По собственной воле.
И не было ни одной клеточки во всем его организме, которая не кричала бы в панике, и у него потемнело в глазах. Он почувствовал, как ледяной ветер подхватил его, и тело стало невесомым, он полностью потерял контроль над собой, а там далеко внизу приближалась земля.
А потом он почувствовал рывок, когда веревка натянулась. И вертикальное падение прекратилось, а он теперь совершал колебательное движение вперед и знал, что вся его жизнь висит на крюке, вбитом в трещину где-то вверху, и что, если это нехитрое приспособление не выдержит, он сам и веревка рухнут на каменный склон, и тогда его ждет верная смерть.
И про себя он считал каждую микросекунду, столь длинными они казались. И если верить его ощущениям, парил в воздухе столь долго, что каждое крошечное мгновение растянулось на время, вмещавшее массу возможностей, когда все могло пойти к черту. И пусть он летел с широко открытыми глазами, чтобы не пропустить ее руку, все равно не видел ничего вокруг, словно мозг отказывался включить периферийное зрение, пока все не закончится.
А Жанин протягивала ему свою ладонь.
Она стояла в нише огромного арочного окна, где еще недавно красовалась картина, изображавшая бородатых мужчин в мантиях и с нимбами, собранная сотни лет назад из множества кусочков разноцветного стекла, и знала, что ее вряд ли кто-то восстановит снова.

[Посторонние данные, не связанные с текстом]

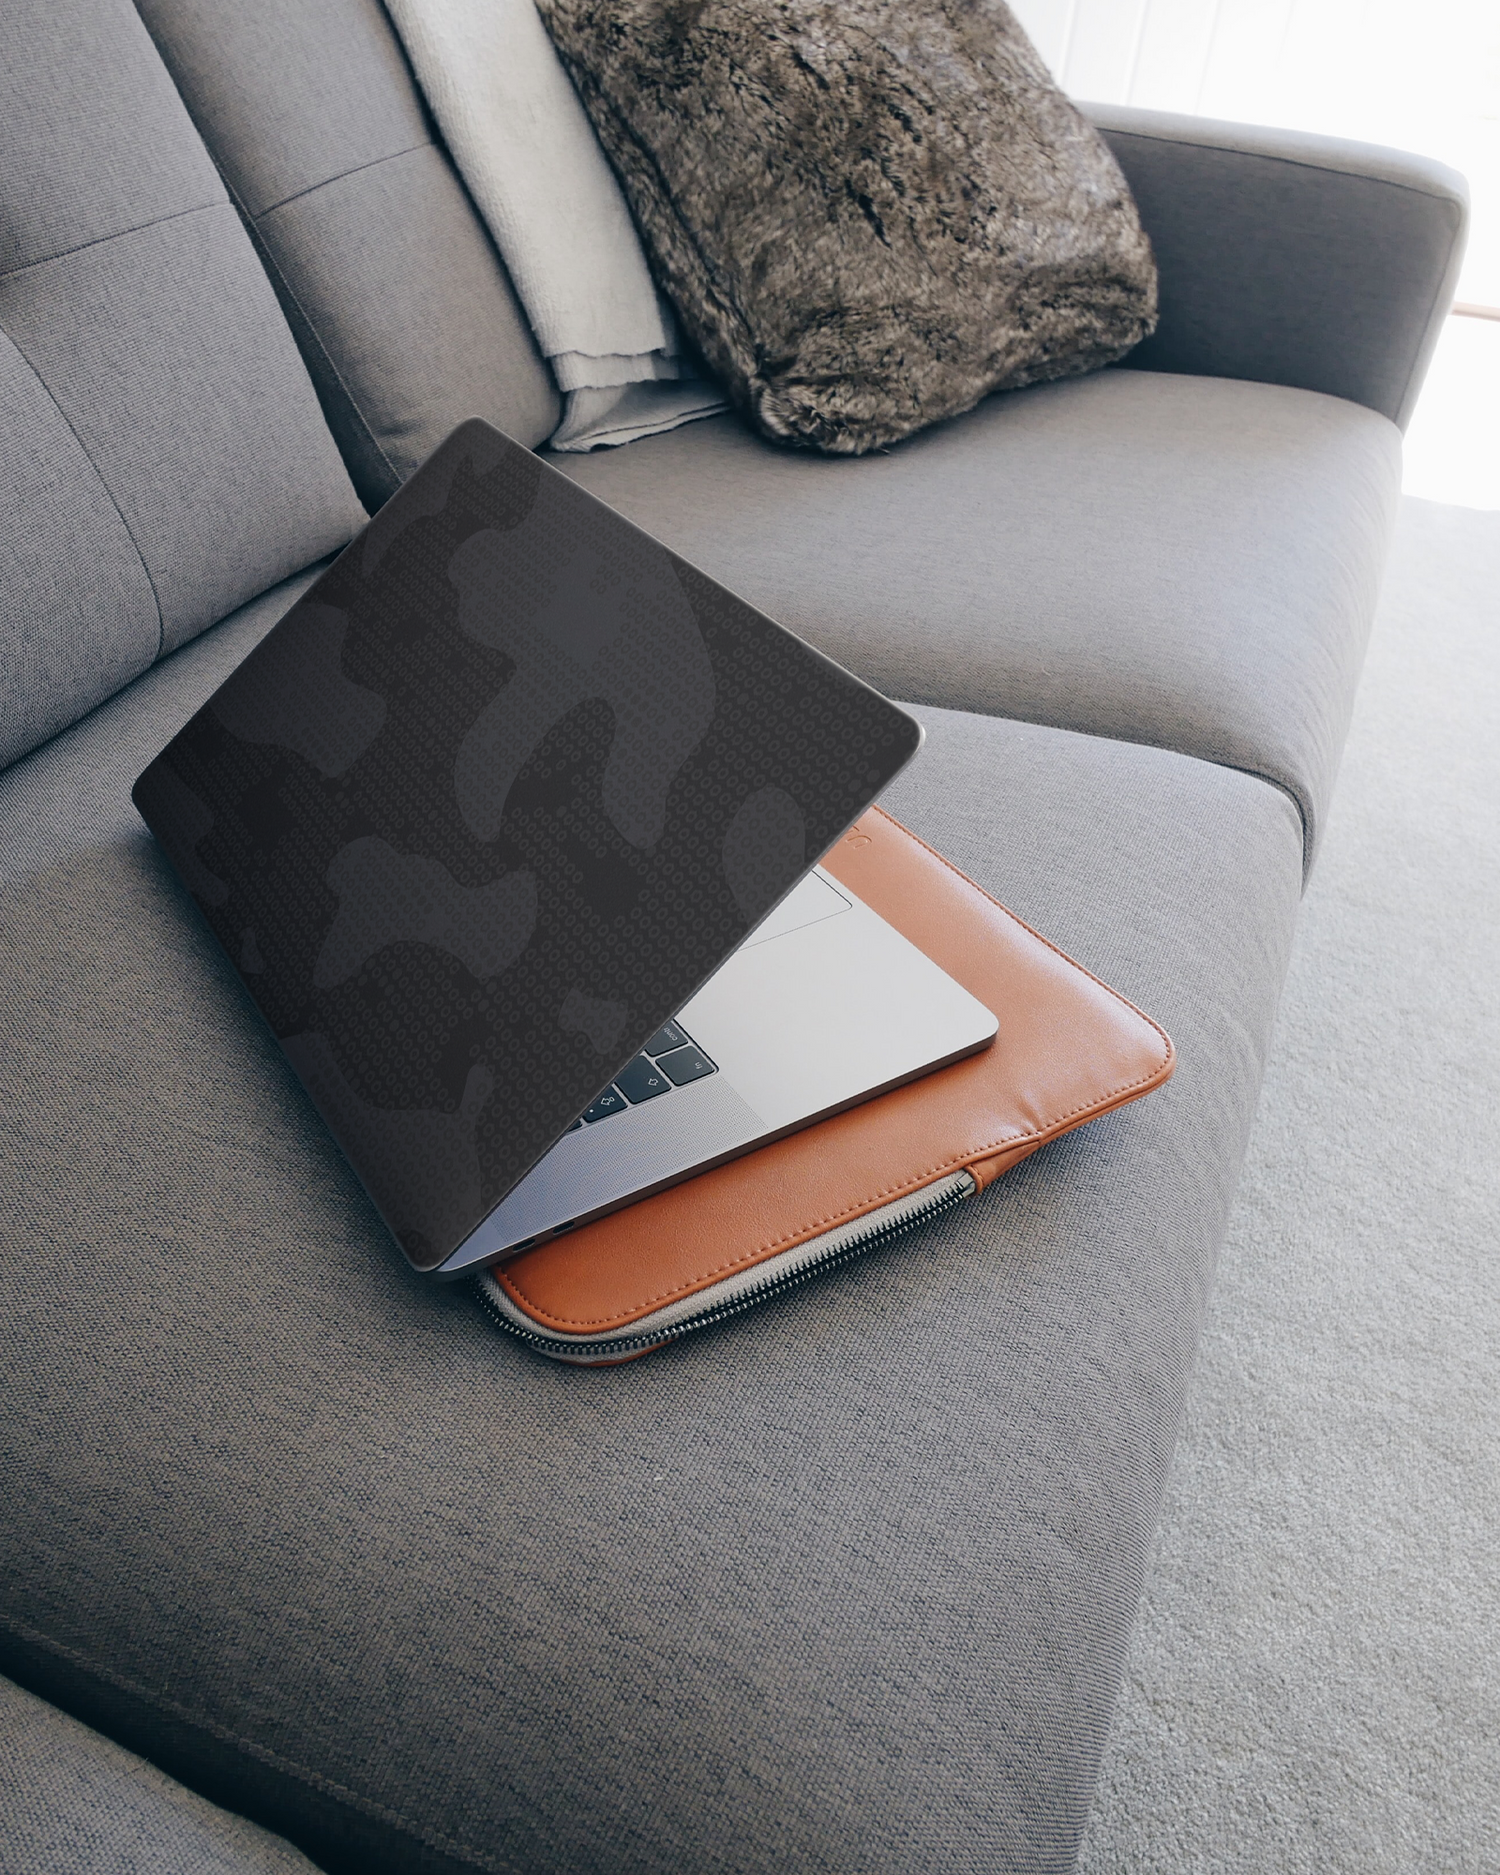 Spec Ops Dark Laptop Aufkleber für 15 Zoll Apple MacBooks auf dem Sofa

Она с лету врезалась в нее ногами. Закрыла глаза и рот и надеялась, что стекло тонкое и хрупкое и не порежет ее, когда она будет проходить сквозь него. И ее новые грубые ботинки ударили по нему посередине, и с одного раза вся гигантская мозаика растрескалась на миллиарды частей и упала на землю вокруг нее разноцветным блестящим дождем.
А внутри находилась капелла. Та самая, где она и Вильям сидели и разговаривали четыре дня назад, когда они только хотели выбраться отсюда. И сейчас Вильям стоял на полу рядом с ней, и он отчаянно сжимал ее руку от страха и адреналина и кричал, что они никогда не должны делать подобного снова.
А теперь она стала их воротами внутрь.
На фоне расплывчатой картинки монитора двигавшиеся по капелле Вильям и Жанин выглядели двумя темно-синими силуэтами. За их спинами осталось разбитое окно, как черная дыра в никуда, именно там, где камера все годы показывала мозаику в серо-голубых тонах, чьи оттенки периодически менялись в зависимости от времени суток и ситуации с солнцем снаружи.
Сейчас же она была разбита, а незваные гости, пройдя между рядами деревянных скамеек, растворились в темноте. И когда они исчезли с экрана, невозможно было предугадать, где попадут в объектив вновь.
Слишком редко стояли камеры.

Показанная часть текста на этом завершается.